I’ve been working hard in the last two weeks to try and fix every obvious performance issue I could find. Among other things, I implemented ropes to make string concatenation faster. Now, I made for-in loops faster. In the end though, each optimization I make is just a drop in the bucket. To compete effectively on every benchmark, there are many individual things to optimize. Everything must be made fast. The people at Google and Mozilla have had years to optimize their engines specifically so that they would perform well on the well-known sets of benchmarks. They’ve gone as far as implementing memoization of sine values based on the knowledge that this one benchmark calls the sine functions with the same angle values repeatedly.
Over a week ago, I received the unfortunate news that my basic block versioning paper was rejected for the third time. We had received five “weak accept” scores, but at the last minute, after the rebuttal period was over, one of the reviewers decided to change his vote and give us a “reject” rating. I won’t lie, even though I knew the paper could be rejected, I found that I had a hard time getting out of bed the next day. For a little while, my motivation was completely crushed. I decided to put the latest version of the paper on arXiv.org. I feel that it’s useful to timestamp my progress, and it seems that sharing the results of my research is more important than getting into academic conferences.
The graph above shows a comparison of the relative execution time of code compiled by Higgs vs TraceMonkey (lower is better). Compilation times are excluded from this comparison because of issues mentioned in a previous blog post. The 26 benchmarks are from the SunSpider and V8 suites, but I’ve excluded regular expression benchmarks since Higgs doesn’t have a regular expression compiler (only an interpreter), and my research is not specifically about regular expressions.
Higgs clearly doesn’t beat TraceMonkey across the board, but it does perform better on half of the above benchmarks, sometimes by a wide margin. What seems clear after some analysis is that TraceMonkey does very well in benchmarks with short, obvious loops, but poorly in benchmarks with more complex control-flow.

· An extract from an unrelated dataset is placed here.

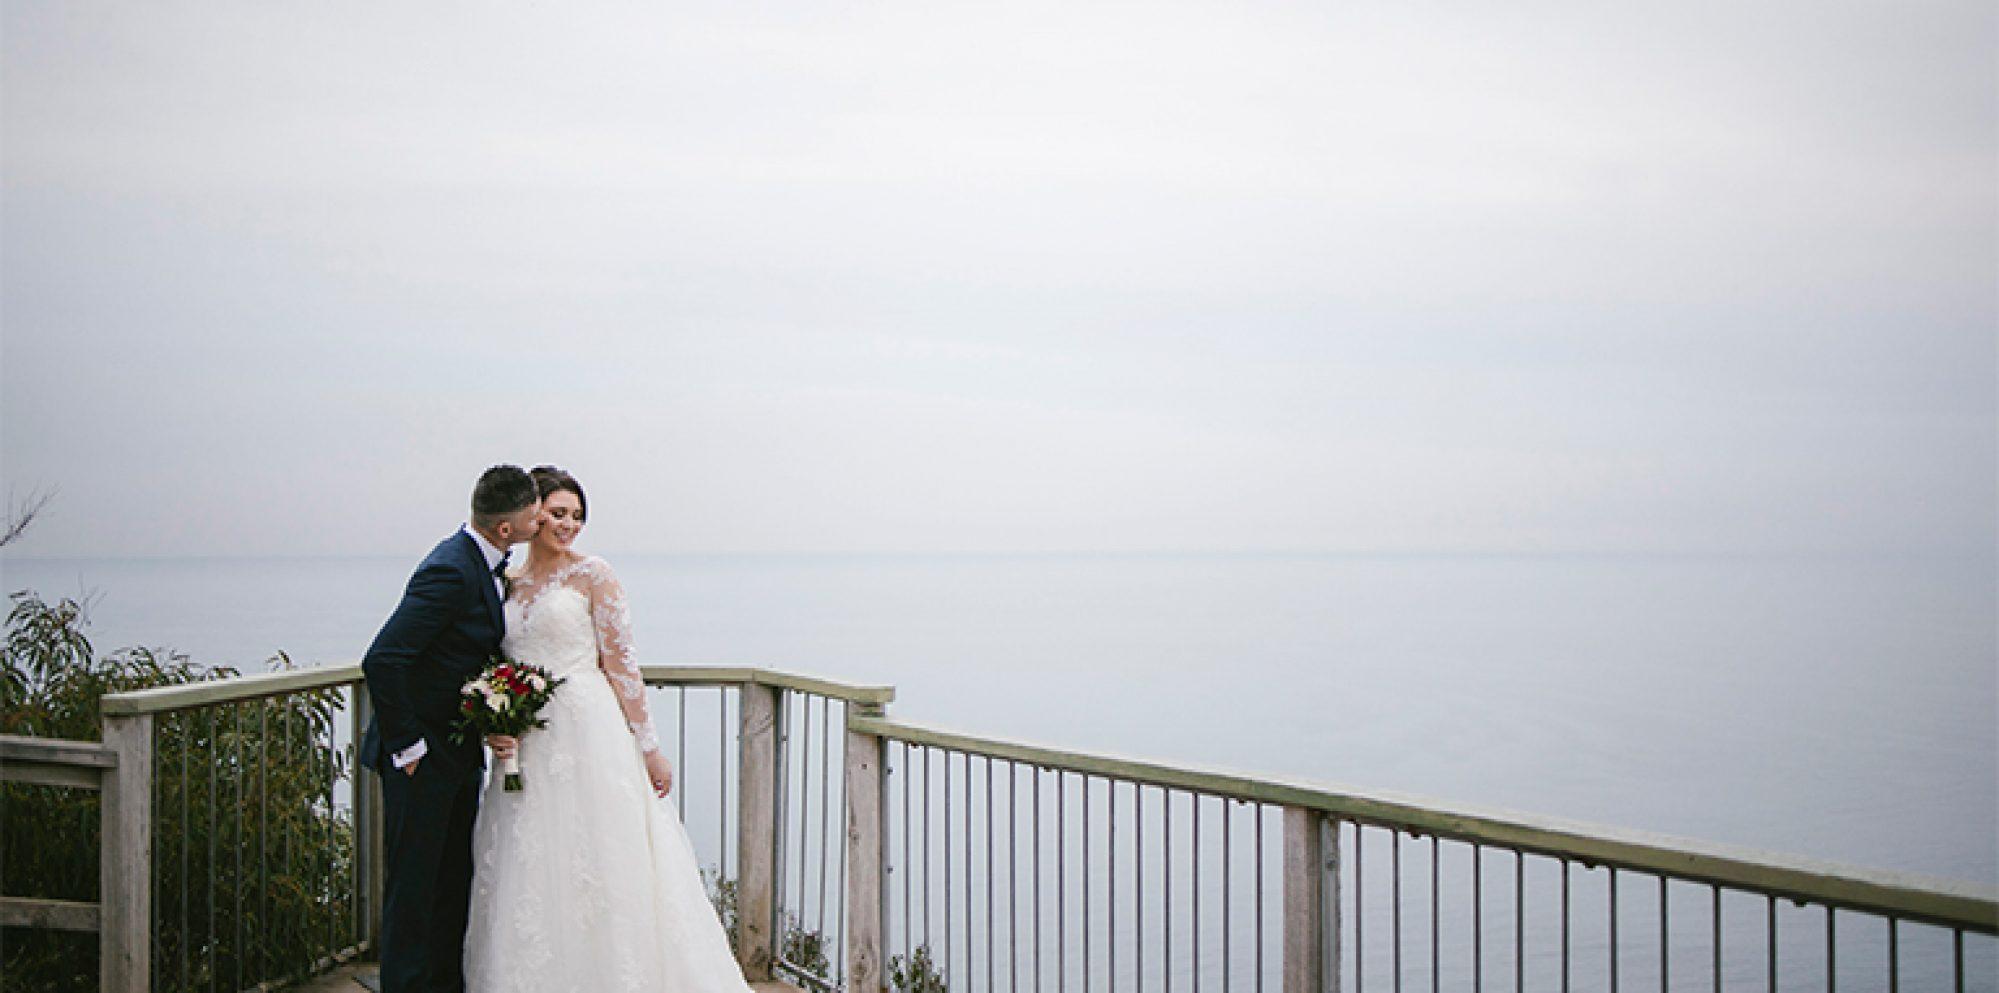 Rebecca & klay wedding photography @ lorne hotel

This should at least highlight the fact that basic block versioning is not the same thing as tracing, and can, in fact, deal with situations to which tracing is less suitable.

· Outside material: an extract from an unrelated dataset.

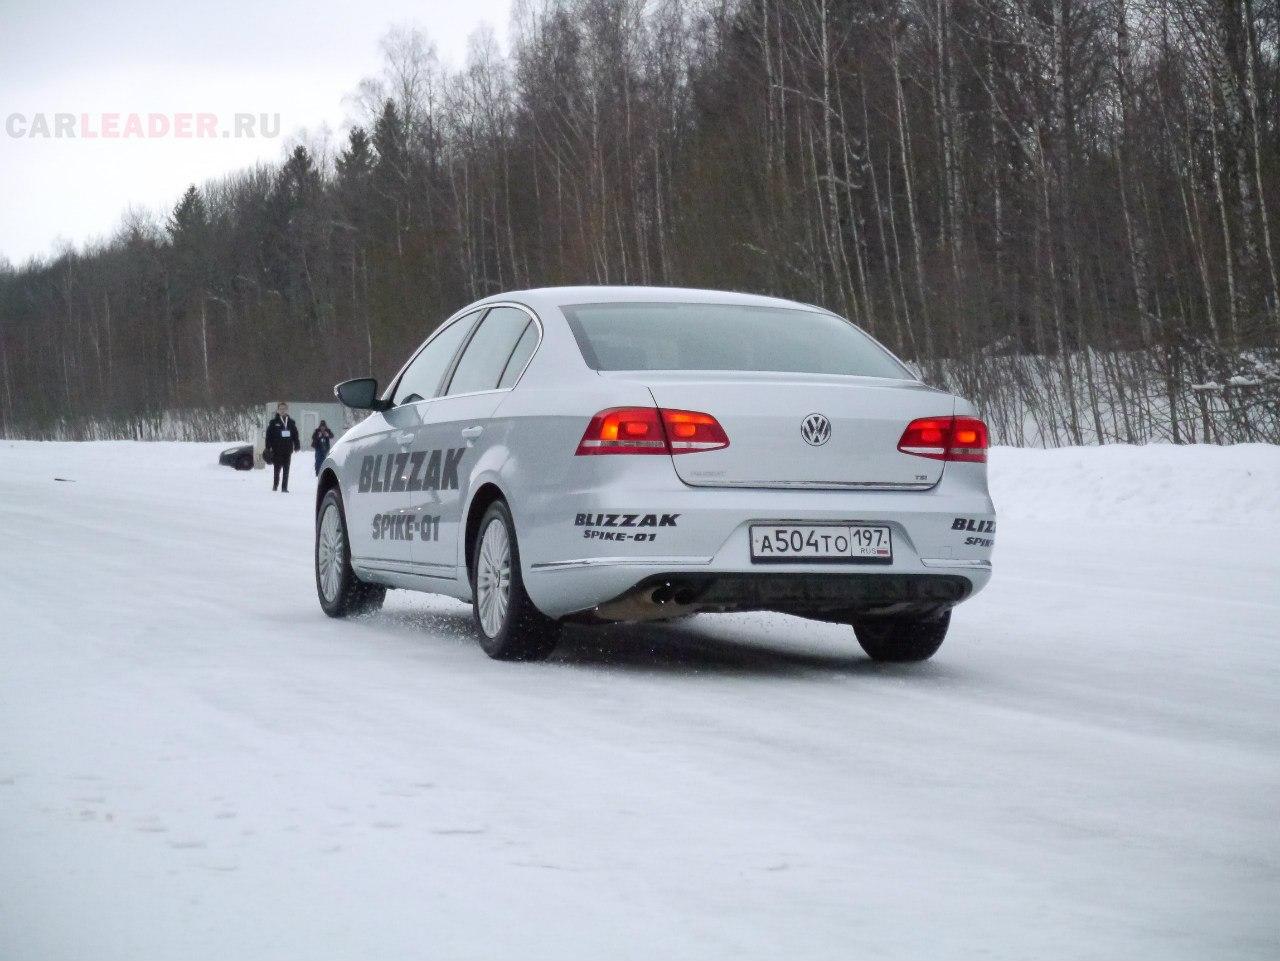 VW Passat 2012 Spyke-01

Fortunately for me, TraceMonkey is not a moving target in terms of performance, and this week, I’ve been working on helping Higgs catch up. I’ve added string optimizations such as ropes and precaching of one-character strings. I’ve also been working on eliminating bottlenecks in the runtime and standard libraries. Tomorrow, I’ll be optimizing the inefficient way in which Higgs handles for-in loops (property enumerations), which are extensively used in the fasta benchmark.
It’s very motivating to have a goal. You can be sure that the next paper I submit will be showing Higgs beating TraceMonkey on most of these benchmarks. I’m going to keep improving the performance, keep improving our results, and keep amassing more and more evidence that basic block versioning is a worthwhile JIT compiler architecture. I’m going to push Higgs to the limit.